Portions of the lawsuit were dismissed in 2014. But other parts went forward, including the claim that the IRS violated the First Amendment by retaliating against conservative groups because of their viewpoints. Another claim alleges that the IRS violated the law by failing to protect confidential information on tax returns.

Then on Jan. 13, the Government Accountability Office (GAO) released two reports saying the IRS may still be targeting people for audit “based on an organization’s religious, educational, political, or other views.” The reports found, among other things, that the IRS was inconsistent in its documentation of how it selects groups to audit. This makes it more likely that tax laws are applied discriminatively and unfairly.
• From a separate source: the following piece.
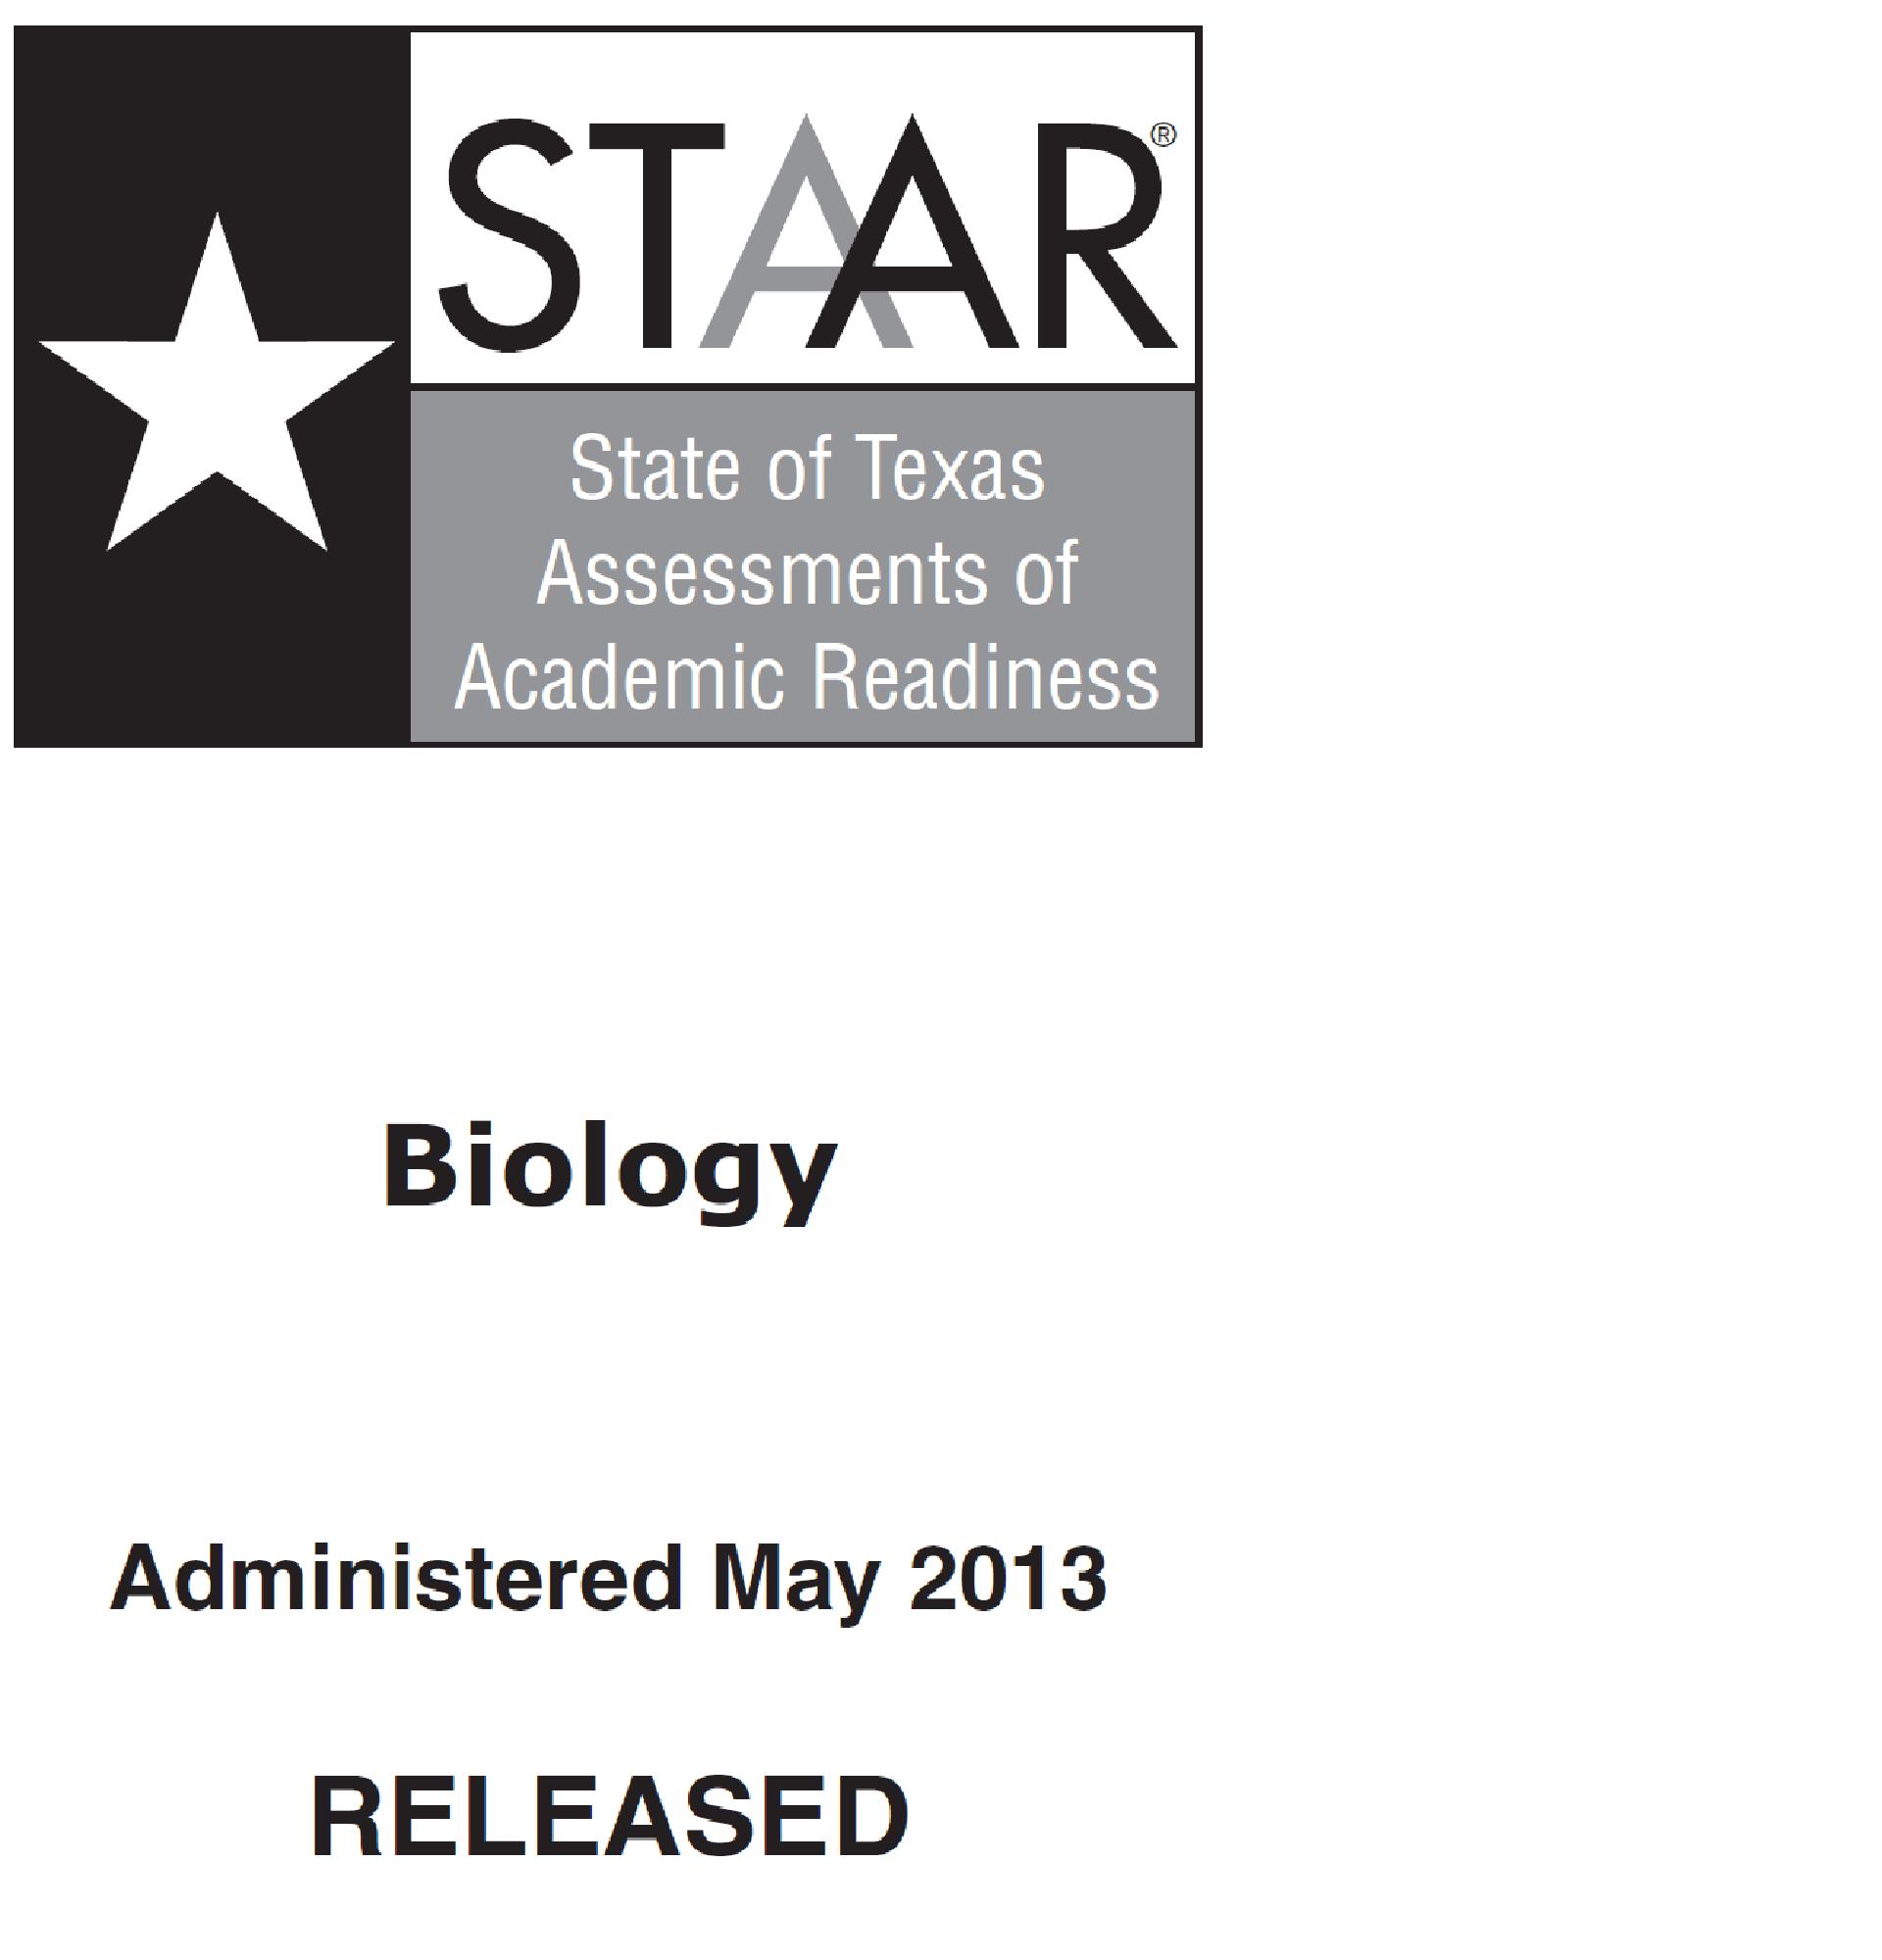 STAAR EOC 2013 Biology (FULL) | Biology Quiz - Quizizz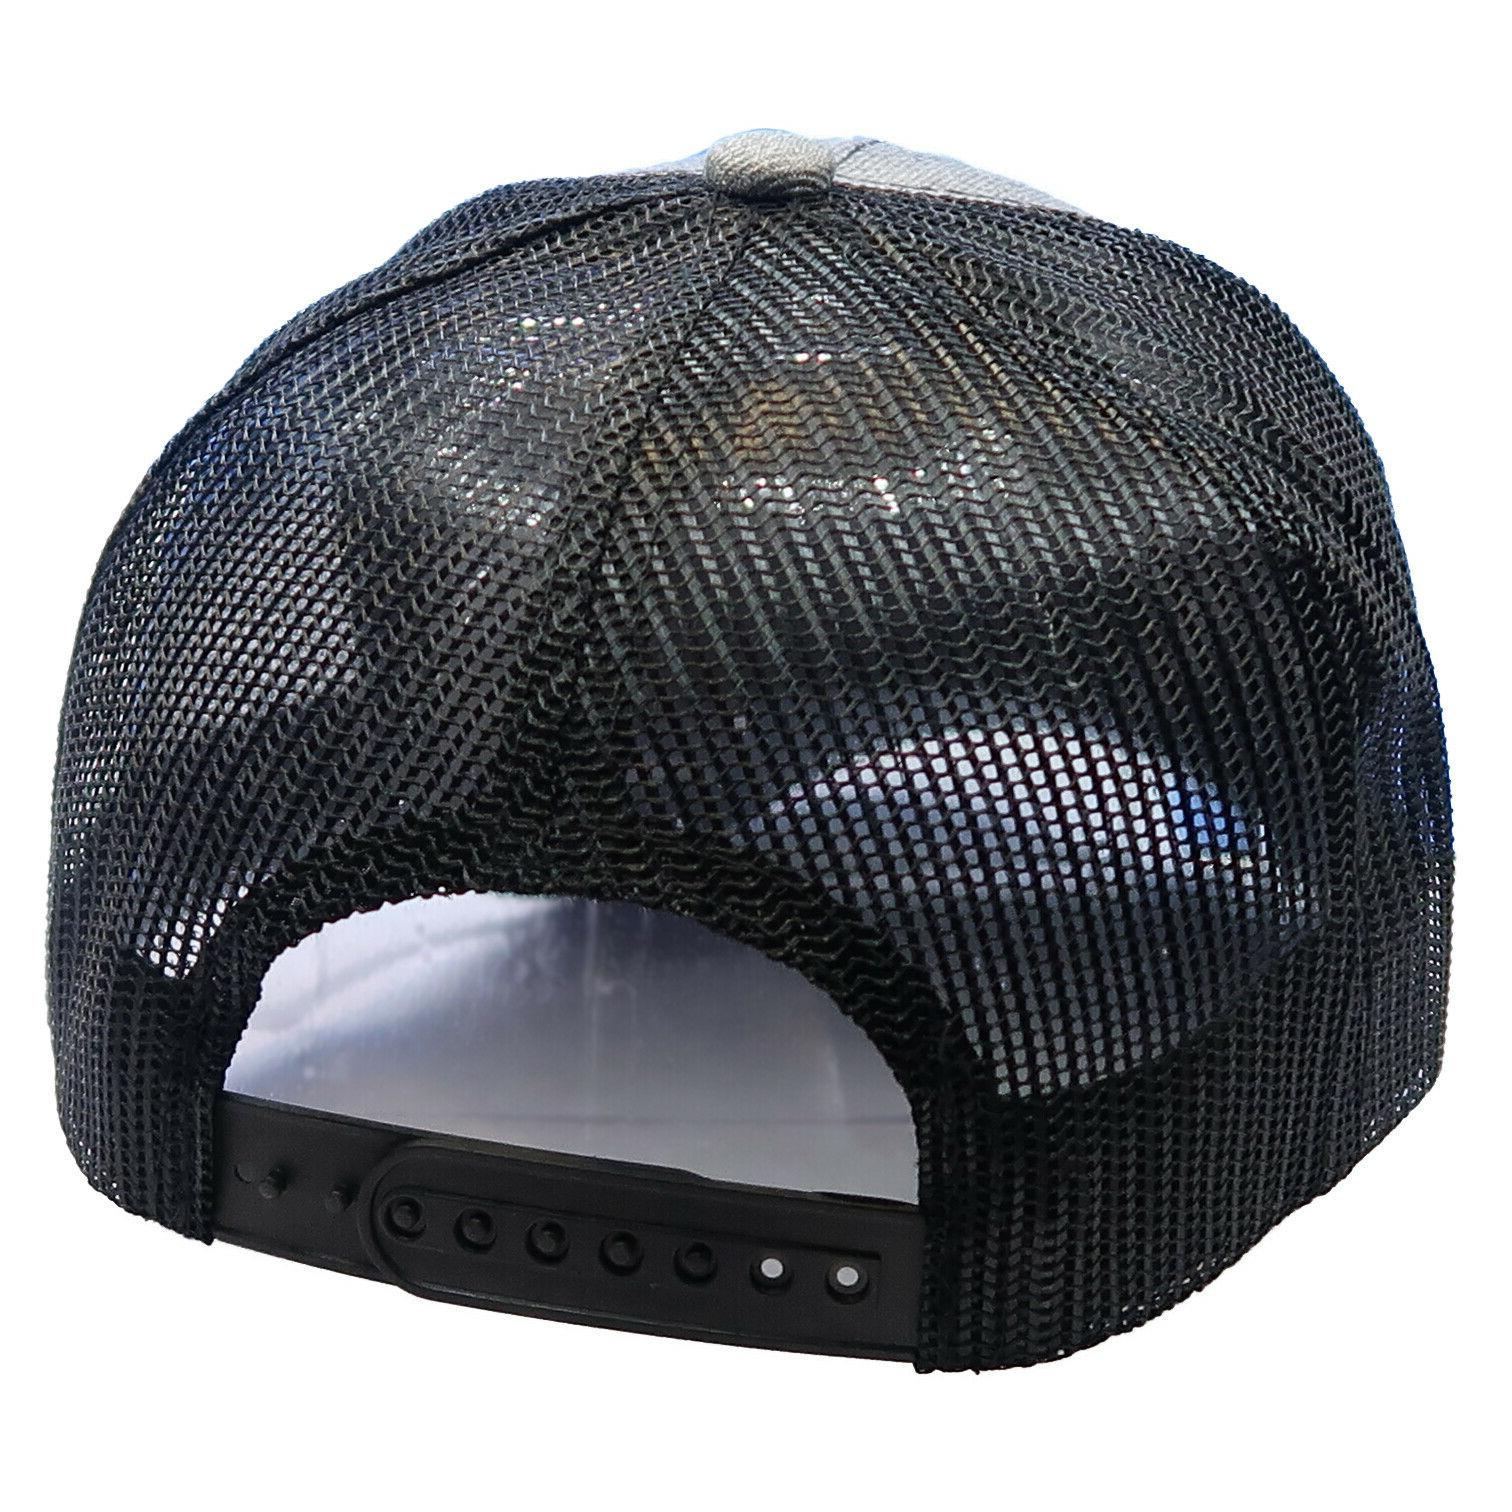 Trucker Hat Cotton Solid Baseball Cap Mens

Some conservatives, including four Republican presidential candidates, propose abolishing the IRS. That idea may be impractical, attractive though it sounds. The federal government will always need a tax collector. Radical simplification of the tax code is desrable not least because it would reduce the size of the tax-collection bureaucracy, and thus the opportunities and incidence of abuse by officialdom. There also needs to be reform to prevent the IRS from discriminating against people or groups based on their ideology and to give groups denied tax-exempt status recourse to appeal decisions against them. Another reform would prevent the agency from rehiring employees who have been fired for misconduct such as fraud and falsification of documents, a change that was proposed by Republicans in the wake of the discovery a year ago that the agency had rehired hundreds of such workers.

The IRS’ stated mission is to “provide America’s taxpayers top quality service by helping them understand and meet their tax responsibilities and enforce the law with integrity and fairness to all.” In recent years, the the agency has not lived up to any part of that mission. It will take a new president, and a renewed commitment to reforming the agency, for that to change.